Я подбежала к зеркалу и судорожно, наспех, поправила волосы, одернула короткую черную домашнюю юбку. Эта сволочь, Изабелла, занимаясь моим имиджем, так и приучила меня ходить во всем черном. Черный цвет моих эстрадных платьев плавно перекинулся на все домашнее. Я соблюдала стиль ретро. Еще не хватало, чтобы я дома носила вуальку и шляпку с цветами, но все, видно, к этому шло.
Рита стояла у притолоки. Я, вертясь перед зеркалом, не заметила, как она вошла. Ее пышные волосы были заколоты высоко - голова была будто увенчана черной короной. Черный плащ переливался, шуршал, спадая к щиколоткам мягкими складками.
- Разденьтесь, Рита. - Я кивнула на спинку кресла. - На улице тепло? Уже весна.
Она резким движением сбросила плащ с плеч. Посмотрела на меня прямо, нахально. Я достойно встретила ее взгляд.
Мы глядели друг другу прямо в глаза, зрачки в зрачки. Нам обеим было нечего терять. Мы обе не знали друг друга никогда. Мы были друг для друга незнакомки. И мы все это читали в глазах друг друга.

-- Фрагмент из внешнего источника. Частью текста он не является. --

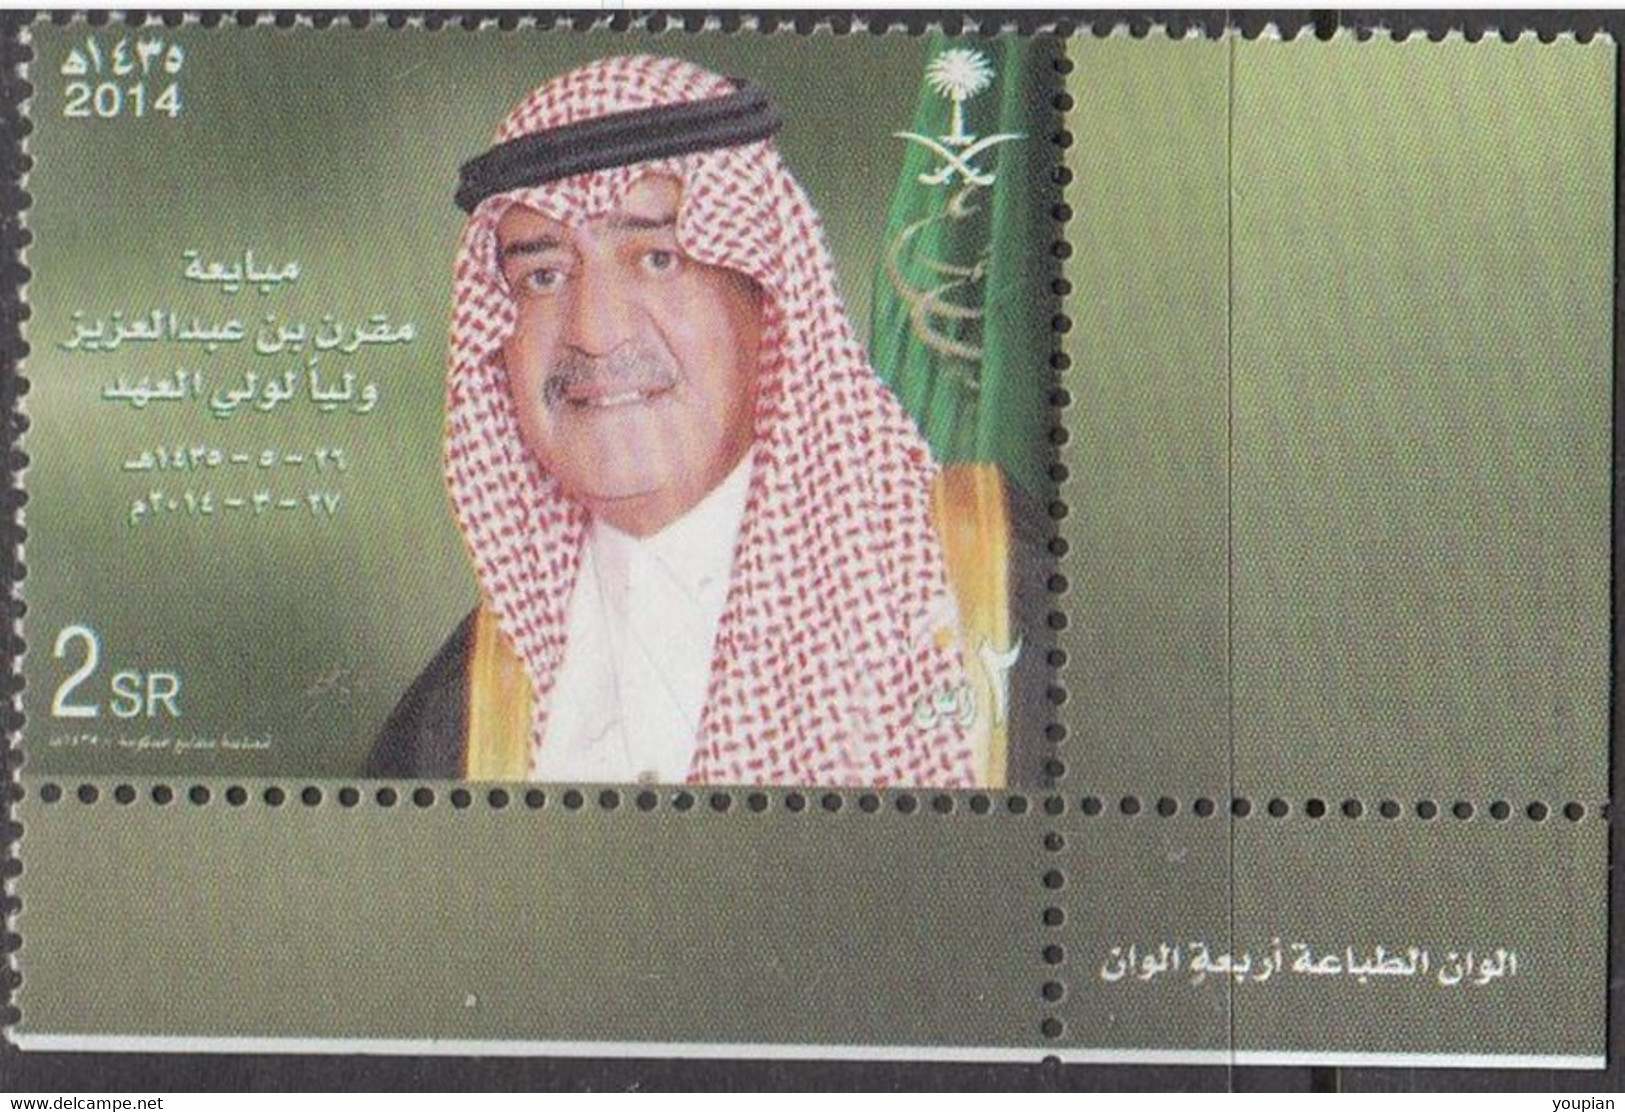 Saudi Arabia 2014, Nomination Of Ibn Abd Al-Aziz As A Crown Prince, MNH Single Stamp - Arabia Saudita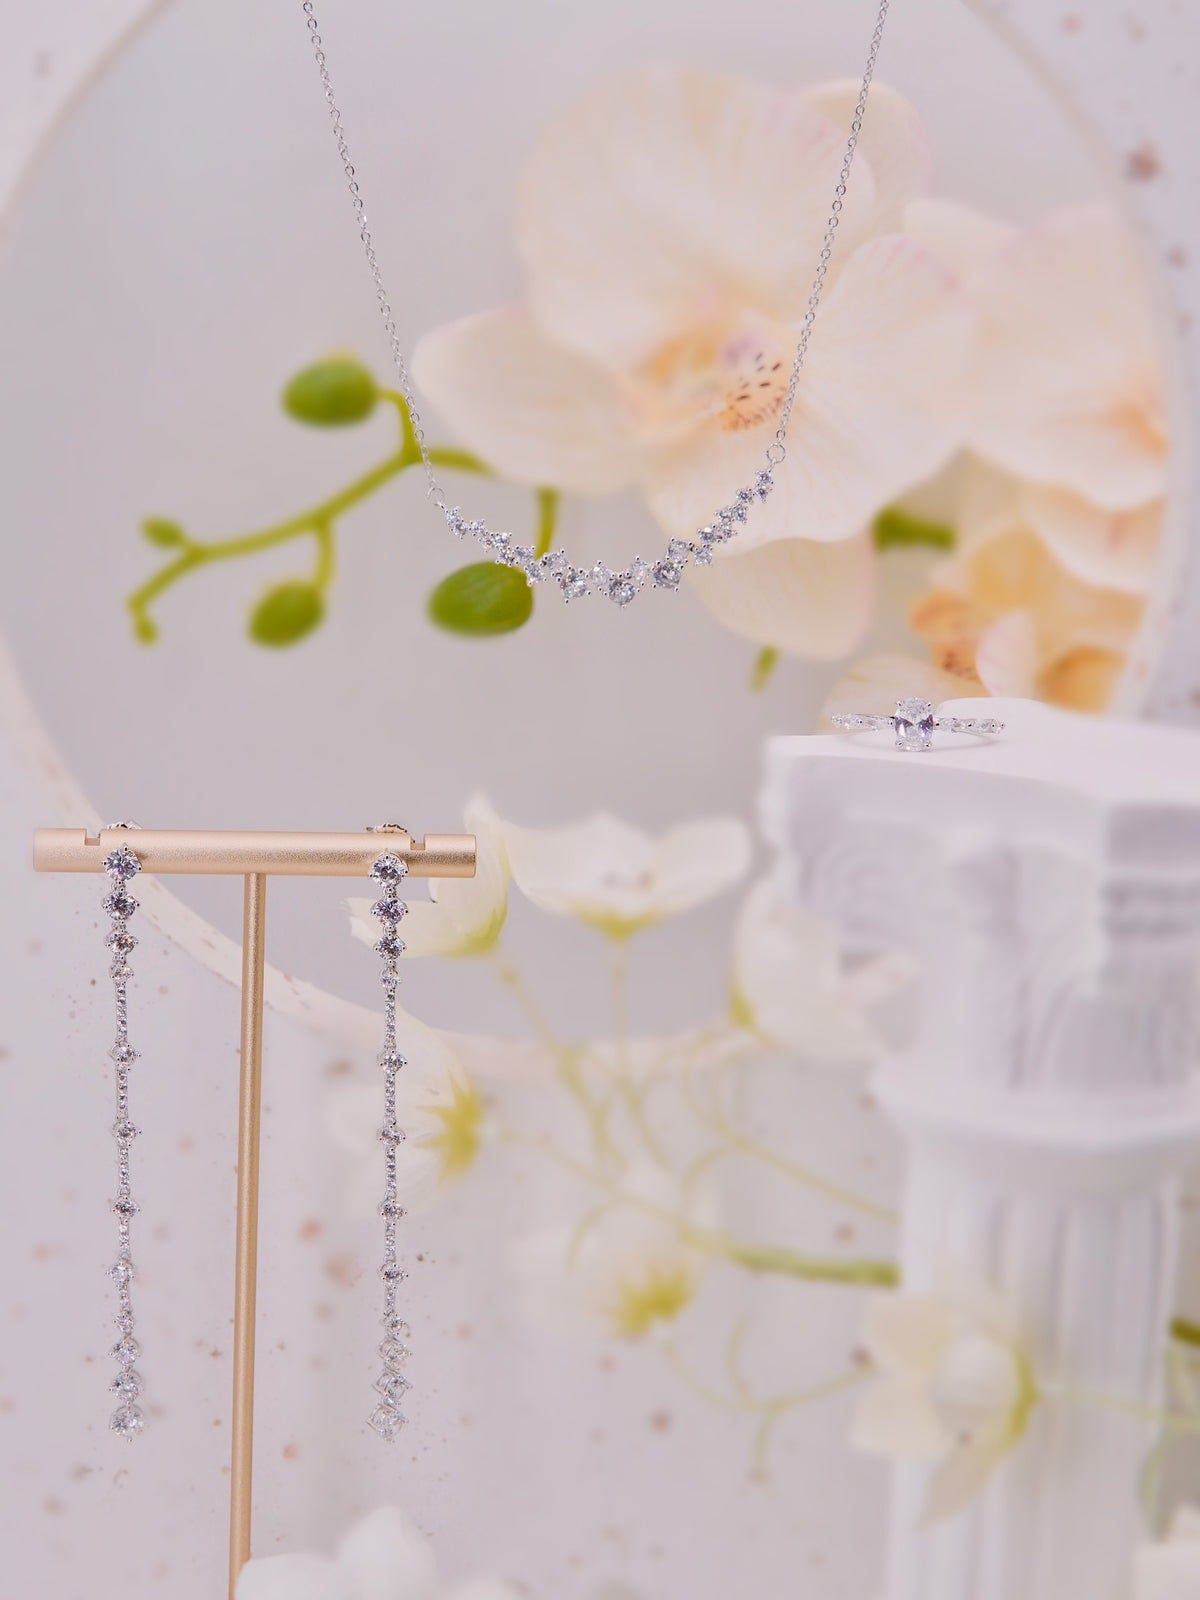 LAFIT· Irresistible Beauty - Necklace 貴氣獨特閃鑽頸鏈

- Так, - сказала Рита медленно. Я обсматривала ее изысканное платье цвета темной меди, туго обнимавшее худую танцорскую фигуру, нитку янтаря между ключиц. - Ну, здравствуй, прекрасная незнакомка. Как это тебе все удается. Мы с Любой когда-то были на "ты". Предлагаю нам с тобой тоже перейти на "ты". Как ты на это смотришь?
- Рита, вы…
Она шагнула ко мне, взяла меня рукой за подбородок. Медное платье металлически блеснуло на сгибах талии.
- Брось, девочка. Мы все не дураки. Мы, кто близко знал Любу, все прекрасно поняли с первого раза. Однако ты технична. Умеешь ходить по канату. И мастер, что тебя слепил, как Буратино, - она скривила губы в ухмылке, - тоже не промах. Ну что, будем притворяться дальше или будем говорить нормально? Как люди. Как белые люди. Как твое настоящее имя?
Она держала меня за подбородок, и ее рука была холодна как лед. А мое лицо пылало.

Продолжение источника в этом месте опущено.